RECORDS SHOWN START
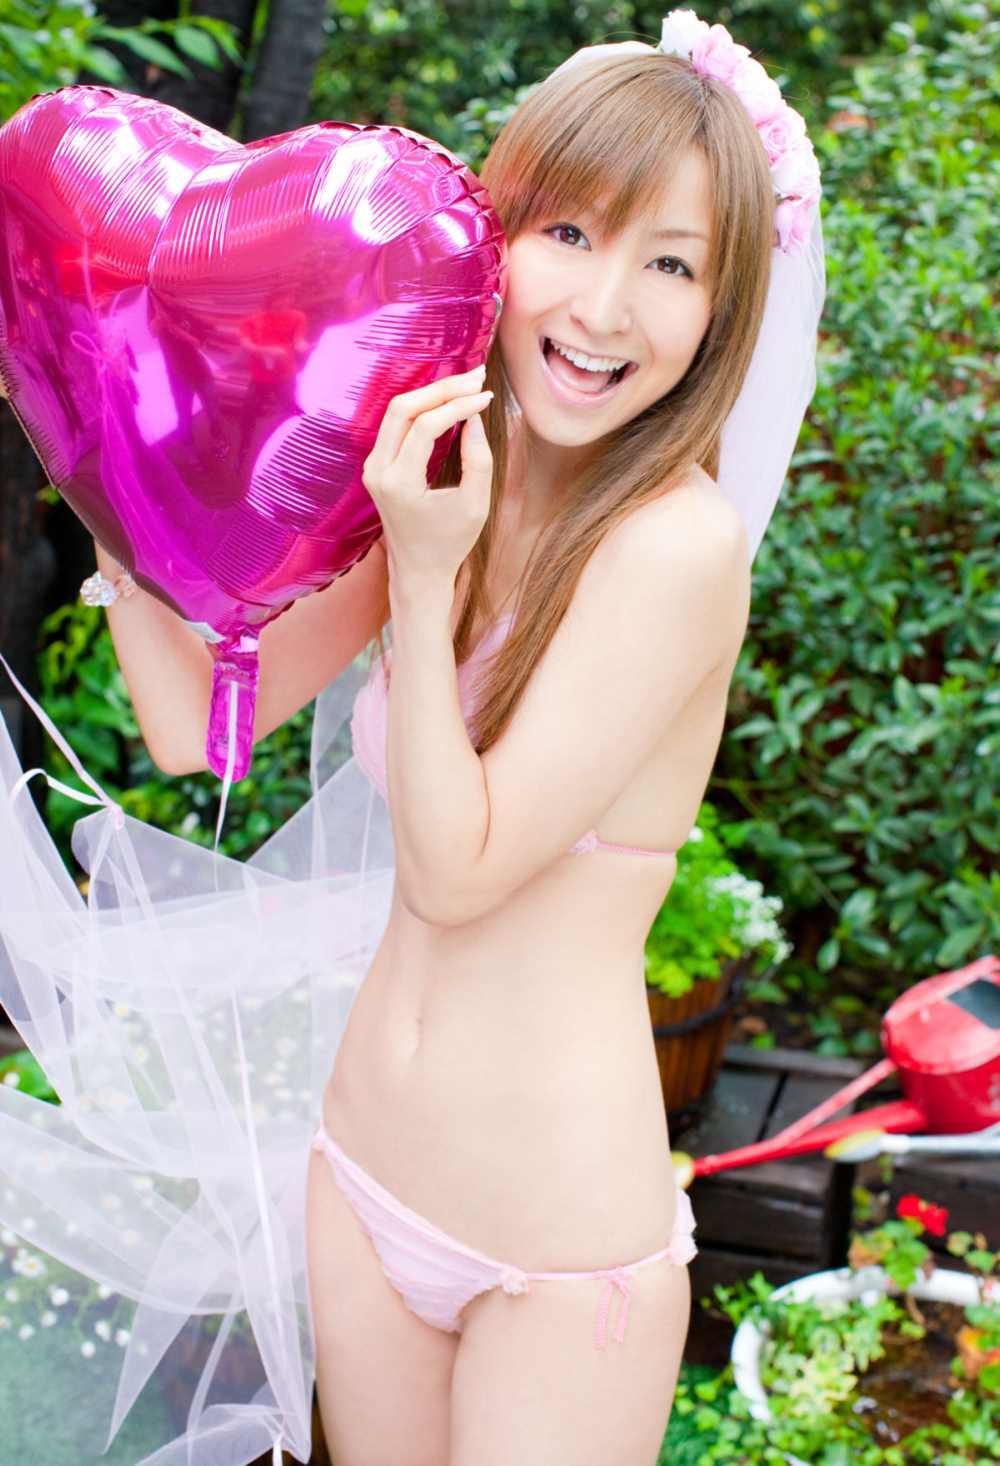 木口亜矢が水着の花嫁衣装で結婚式するエロ画像
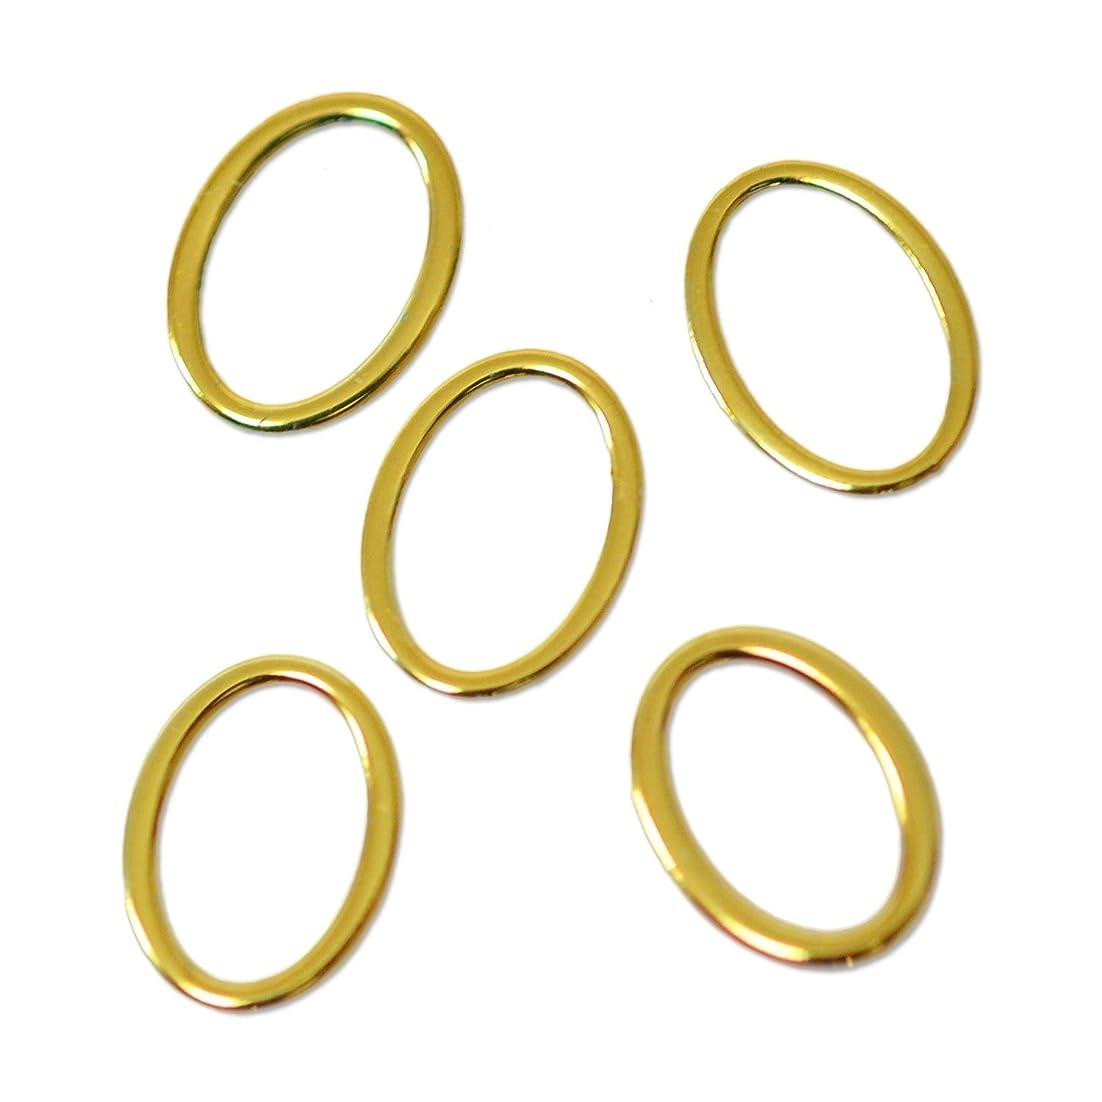 人に関する限り盗難上院薄型メタルパーツ10010 オーバル 楕円形  外寸約4×6mm/内寸約3×5mm ゴールド 20個入り 片面仕上げ
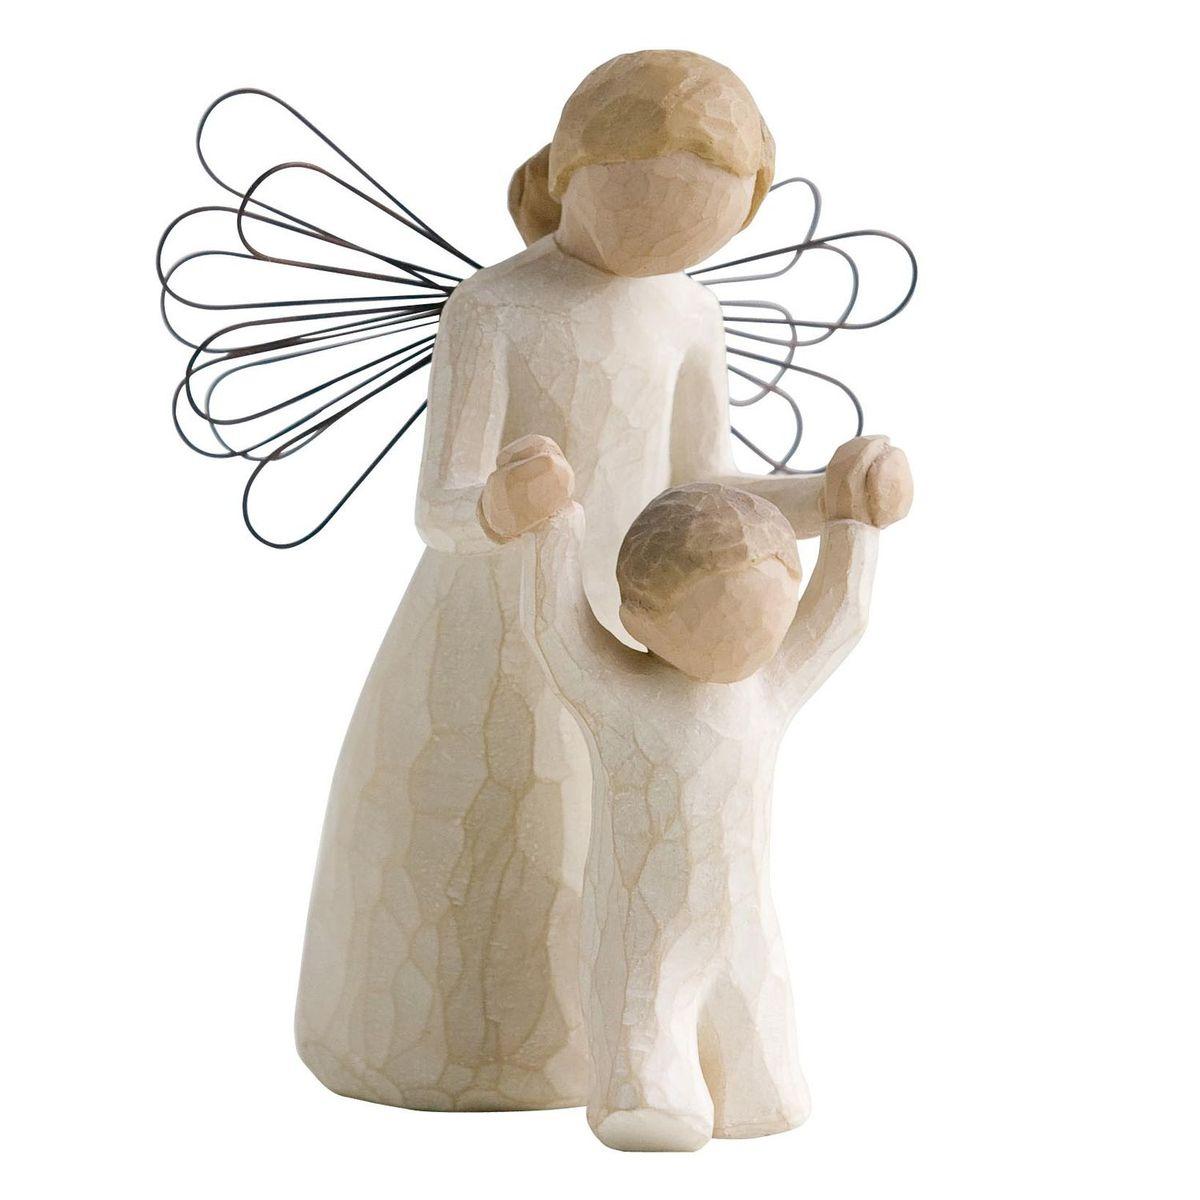 Фигурка декоративная Willow Tree Ангел-хранитель, высота 13 смNLED-420-1.5W-RДекоративная фигурка Willow Tree создана канадским скульптором Сьюзан Лорди. Фигурка выполнена из искусственного камня (49% карбонат кальция мелкозернистой разновидности, 51% искусственный камень).Фигурка Willow Tree – это настоящее произведение искусства, образная скульптура в миниатюре, изображающая эмоции и чувства, которые помогают чувствовать себя ближе к другим, верить в мечту, выражать любовь.Фигурка помещена в красивую упаковку.Купить такой оригинальный подарок, значит не только украсить интерьер помещения или жилой комнаты, но выразить свое глубокое отношение к любимому человеку. Этот прекрасный сувенир будет лучшим подарком на день ангела, именины, день рождения, юбилей.
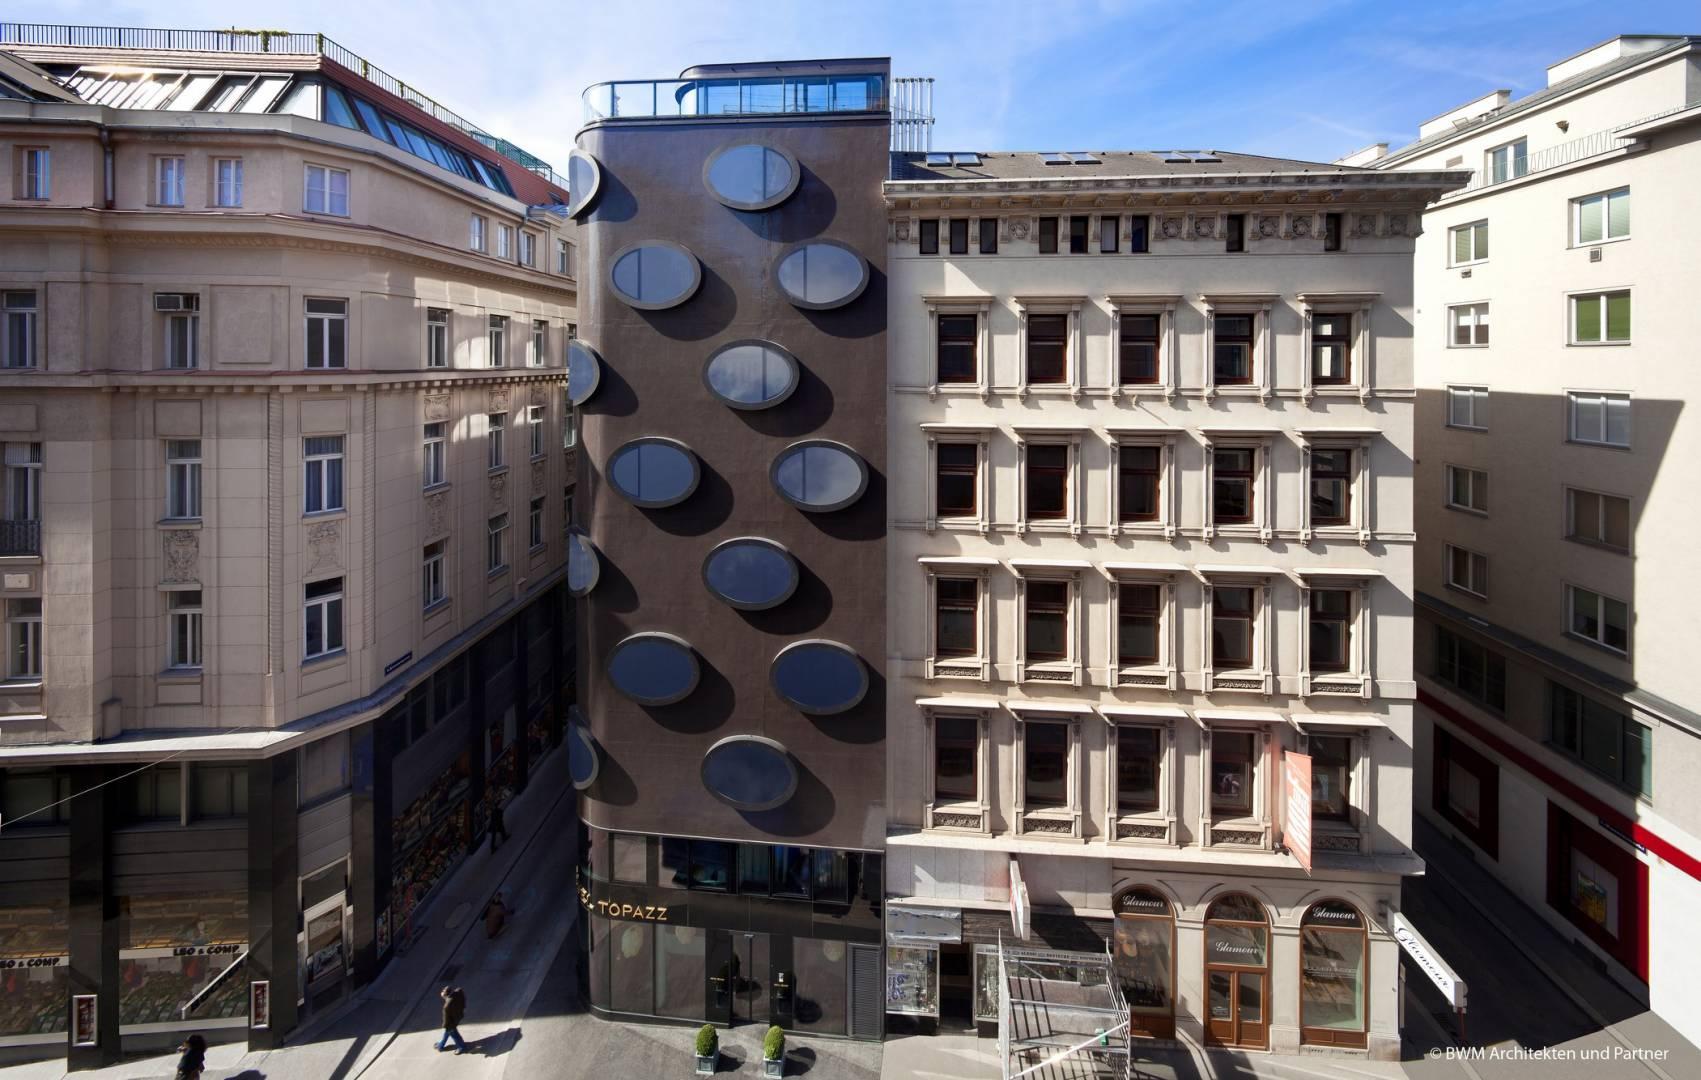 Відень: як поєднувати історичну спадщину та потребу в міському розвитку
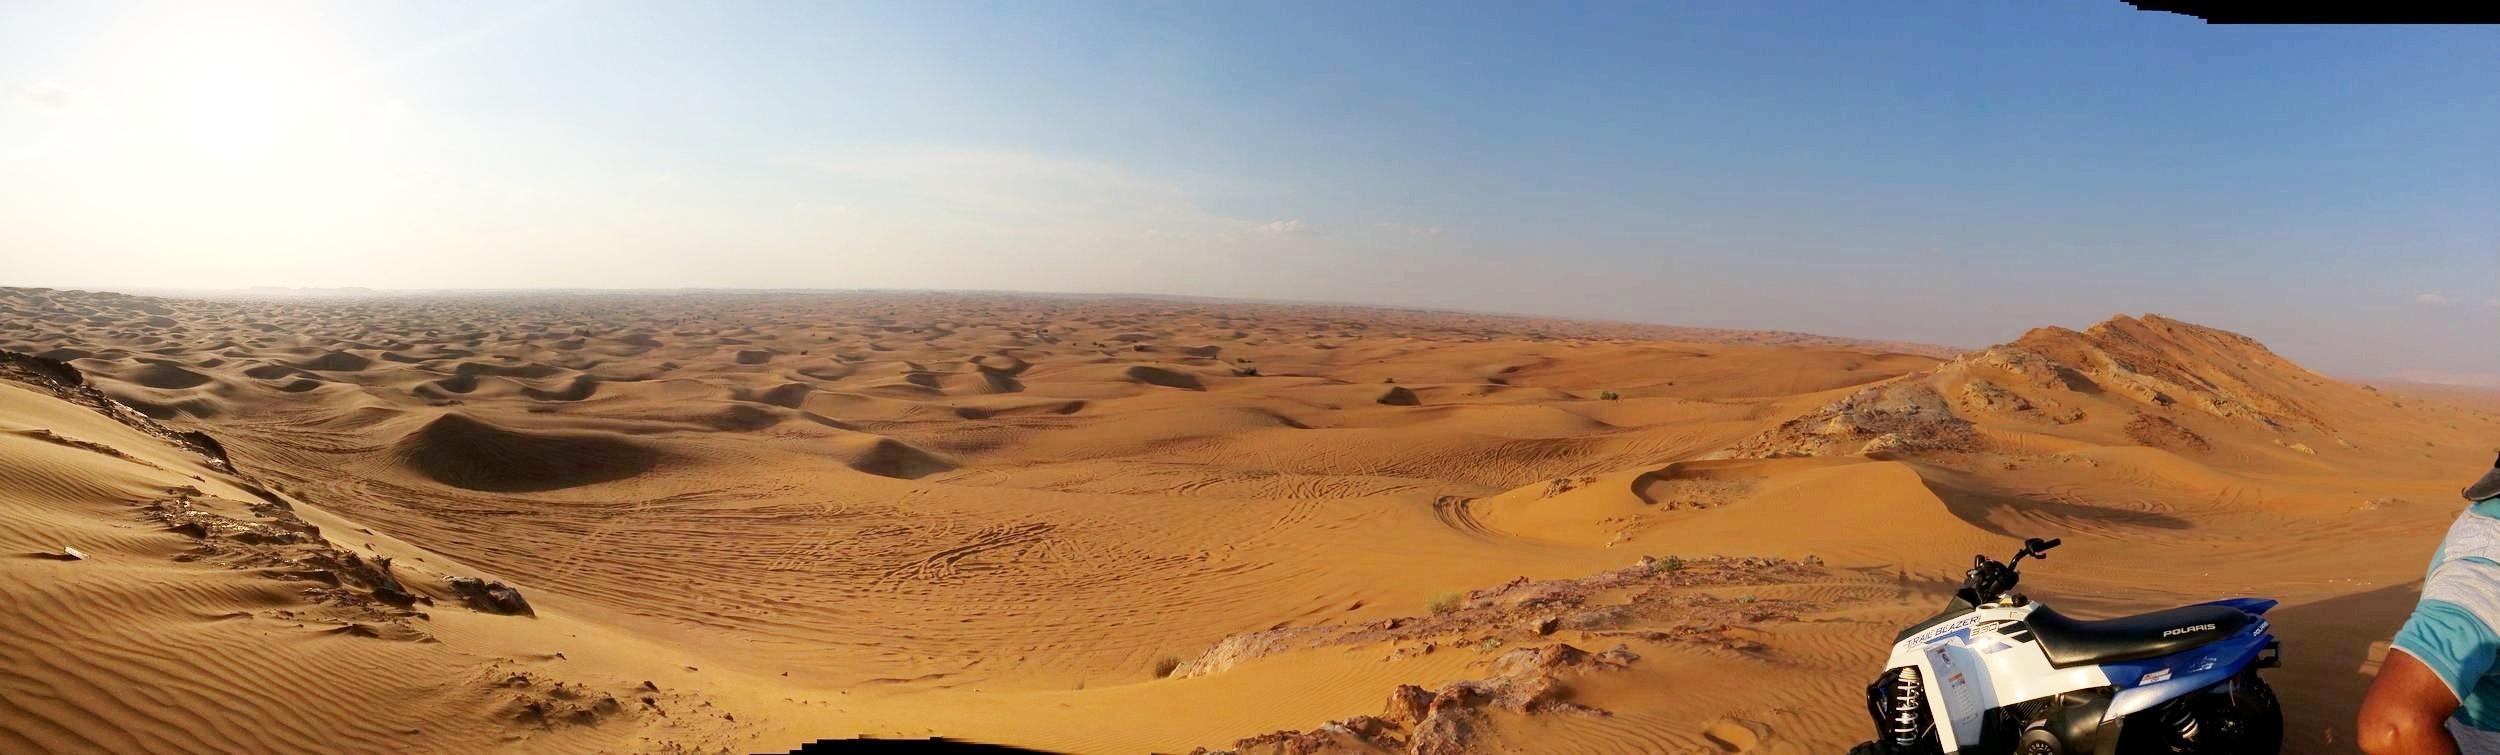 Dubai Sand Dunes B  - 6.JPG
RECORDS SHOWN END
= TASK =
Wherever a picture appears in the records, omit it, and transcribe everything else exactly.

= EXERCISE OUTPUT =
 木口亜矢が水着の花嫁衣装で結婚式するエロ画像
 人に関する限り盗難上院薄型メタルパーツ10010 オーバル 楕円形  外寸約4×6mm/内寸約3×5mm ゴールド 20個入り 片面仕上げ
 Фигурка декоративная Willow Tree Ангел-хранитель, высота 13 смNLED-420-1.5W-RДекоративная фигурка Willow Tree создана канадским скульптором Сьюзан Лорди. Фигурка выполнена из искусственного камня (49% карбонат кальция мелкозернистой разновидности, 51% искусственный камень).Фигурка Willow Tree – это настоящее произведение искусства, образная скульптура в миниатюре, изображающая эмоции и чувства, которые помогают чувствовать себя ближе к другим, верить в мечту, выражать любовь.Фигурка помещена в красивую упаковку.Купить такой оригинальный подарок, значит не только украсить интерьер помещения или жилой комнаты, но выразить свое глубокое отношение к любимому человеку. Этот прекрасный сувенир будет лучшим подарком на день ангела, именины, день рождения, юбилей.
 Відень: як поєднувати історичну спадщину та потребу в міському розвитку
 Dubai Sand Dunes B  - 6.JPG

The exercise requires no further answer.